- Born: 13 April 1794 Chichester, United Kingdom
- Died: 27 November 1842 (aged 48) Upper Clapton, London
- Resting place: Abney Park Cemetery
- Occupation: Architect
- Known for: Architect of Cathedral of the Assumption, Carlow

= Thomas Cobden =

Thomas Alfred Cobden (1794 – 1842) was an English architect, best known for designing many buildings in south-east Ireland, such as Cathedral of the Assumption, Carlow, Duckett's Grove and Browne-Clayton Monument.

==Life==
Cobden was born in Chichester on 13 April 1794, the son of a builder Thomas Cobden and Mary Camp. Cobden had many siblings, as Thomas Cobden was a widower when he married Camp. Thomas Cobden the elder built Chichester Market House in 1807 with William Brooks, under the direction of John Nash. Nothing is known of Cobden's education, but it would appear he began in his father's trade as early as 1813.

Cobden married Ann Fleming at Westminster St James 14 September 1821, with whom he had at least five children. Due to his work in the area, Cobden lived in Carlow for some time, building a house on College Street. He lived in London from 1832, and was living in 14 Upper Clapton Terrace, Hackney when he died 27 November 1842. His cause of death was recorded as "consumption". Cobden is buried in Abney Park Cemetery, Stoke Newington, Middlesex.

==Works==
It has been suggested that it was through his father's connections to Nash that Cobden began to get commissions in Ireland from the early 1810s. Cobden's work began with designs for Gurteen le Poer, County Waterford, for John William Power, and Wells House, County Wexford, for Robert Doyne. From 1835 to 1842, Cobden exhibited designs at Royal Irish Academy and the Royal Hibernian Academy.

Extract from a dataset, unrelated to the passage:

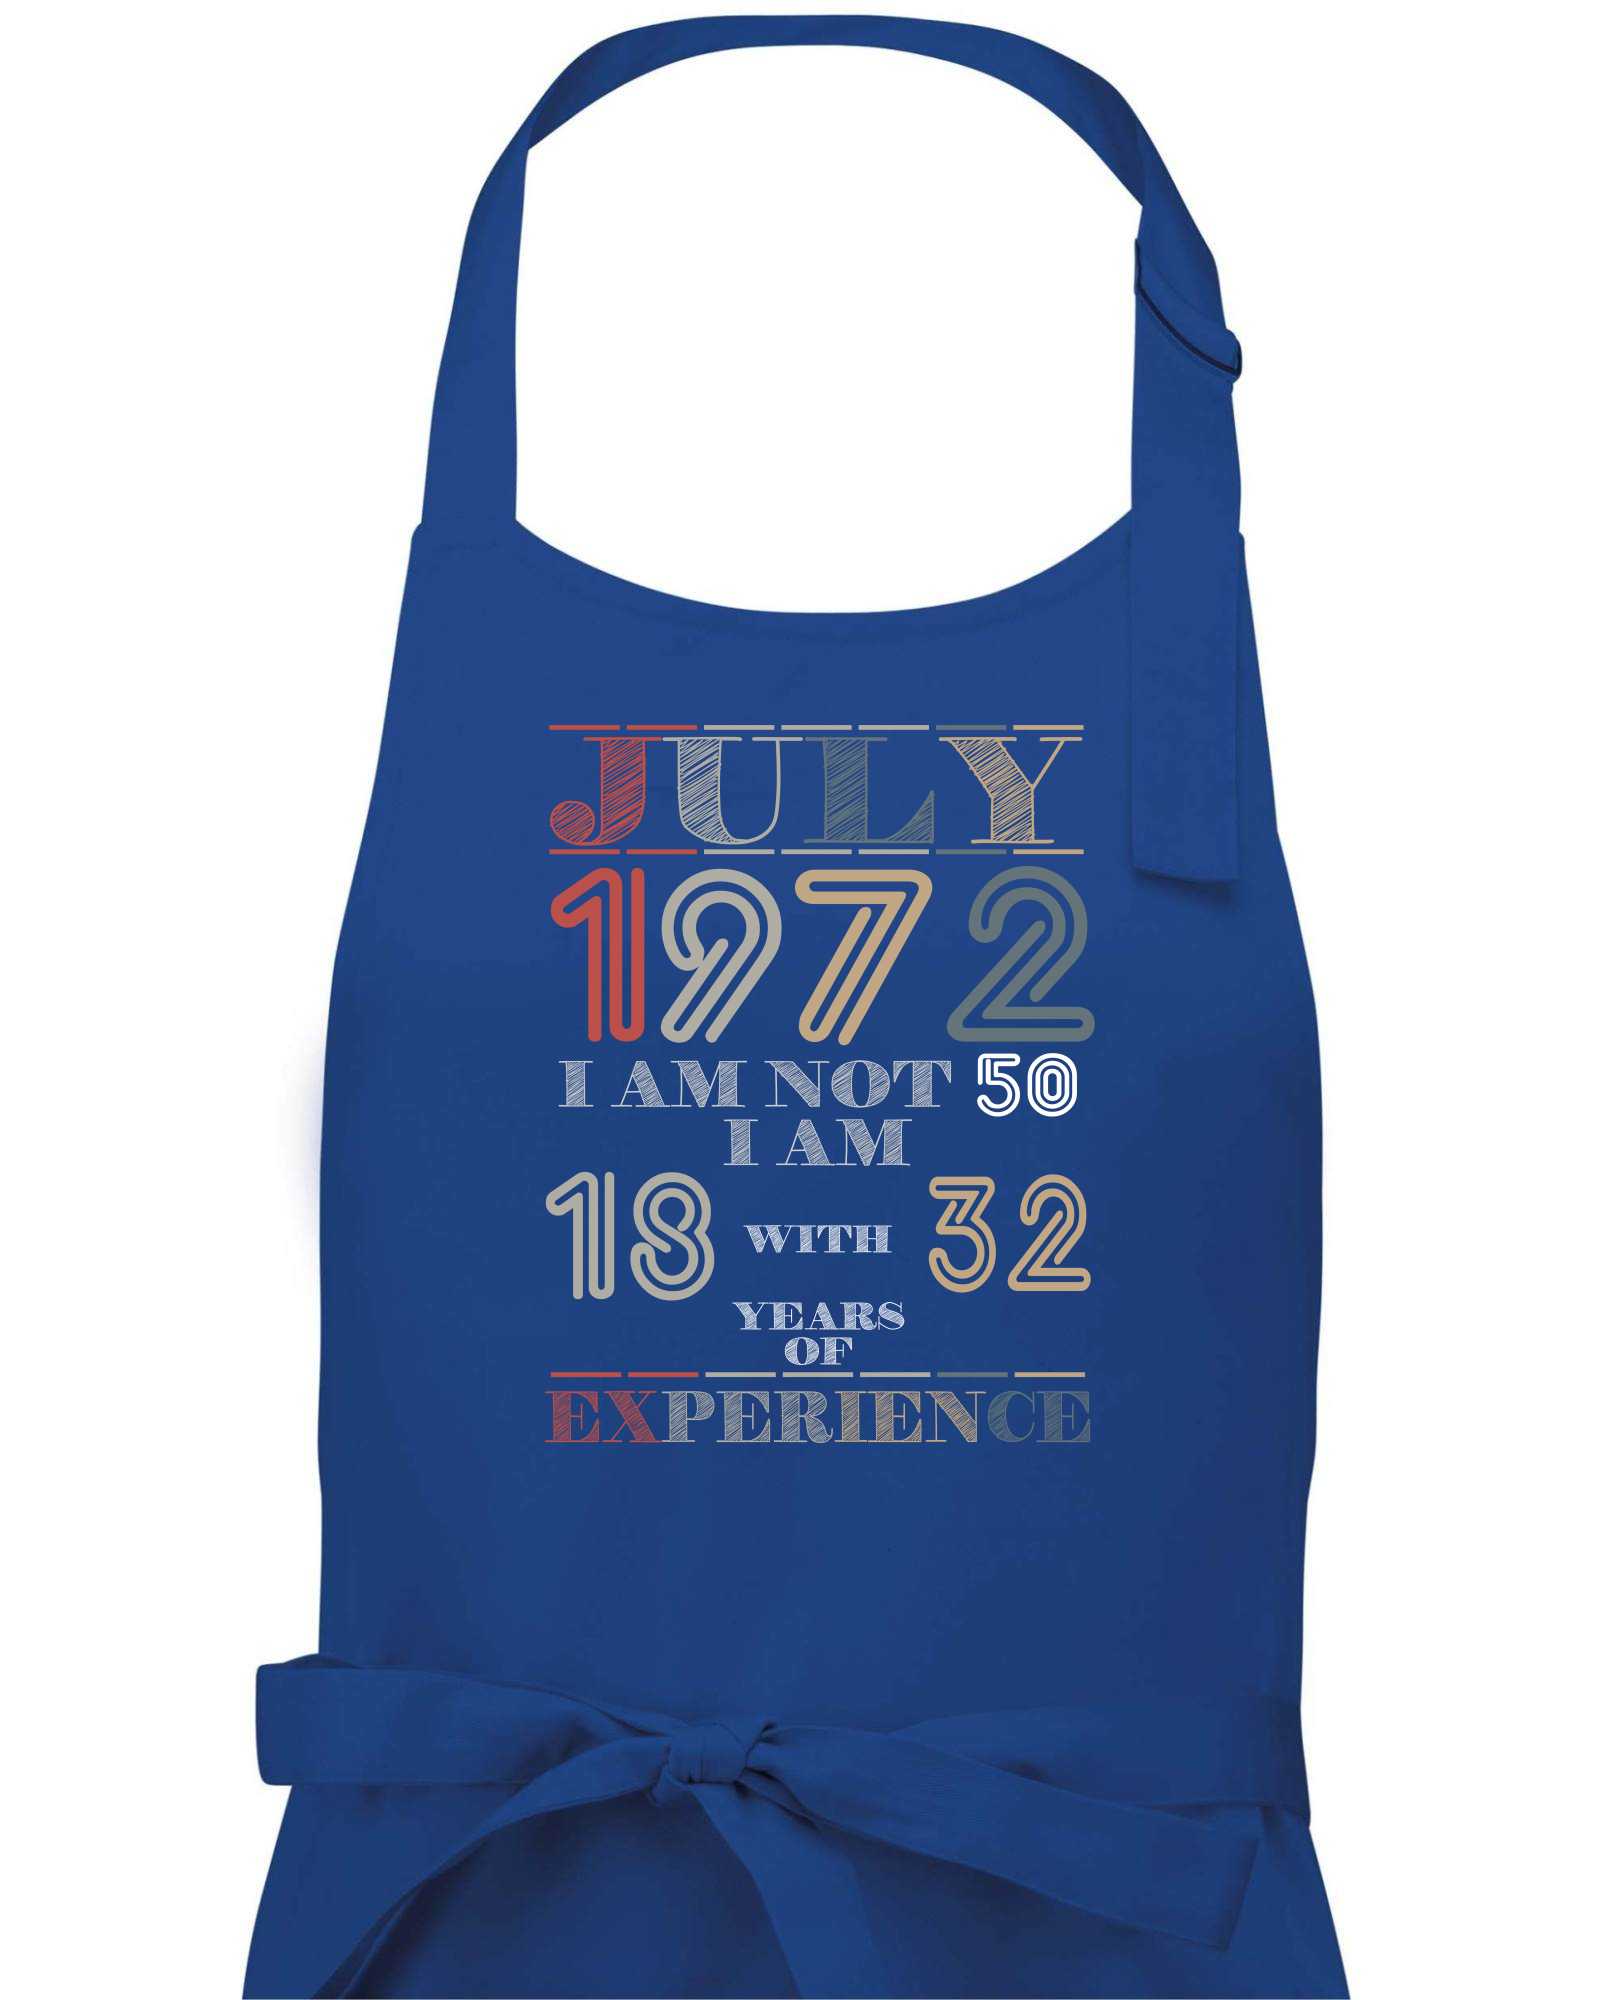 Narozeniny experience 1972 July - Zástěra na vaření

For the majority of his career, Cobden's work was in County Carlow and Wexford, with many of his clients being members of the landed gentry. Some of the resultant buildings were Braganza built for Sir Dudley Hill, Duckett's Grove, Russellstown Park, and the Tudor-revival Ballykealy House.

In 1829, Cobden succeeded Joseph Lynch in overseeing the construction of the Cathedral of the Assumption in Carlow town. Cobden took much of his inspiration from Europe, in particular the Beffroi Tower in Bruges. This was just one of many churches Cobden was involved in designing, others include a Catholic church at Killeshin, and the Presbyterian church 'Scots' church' in Carlow town.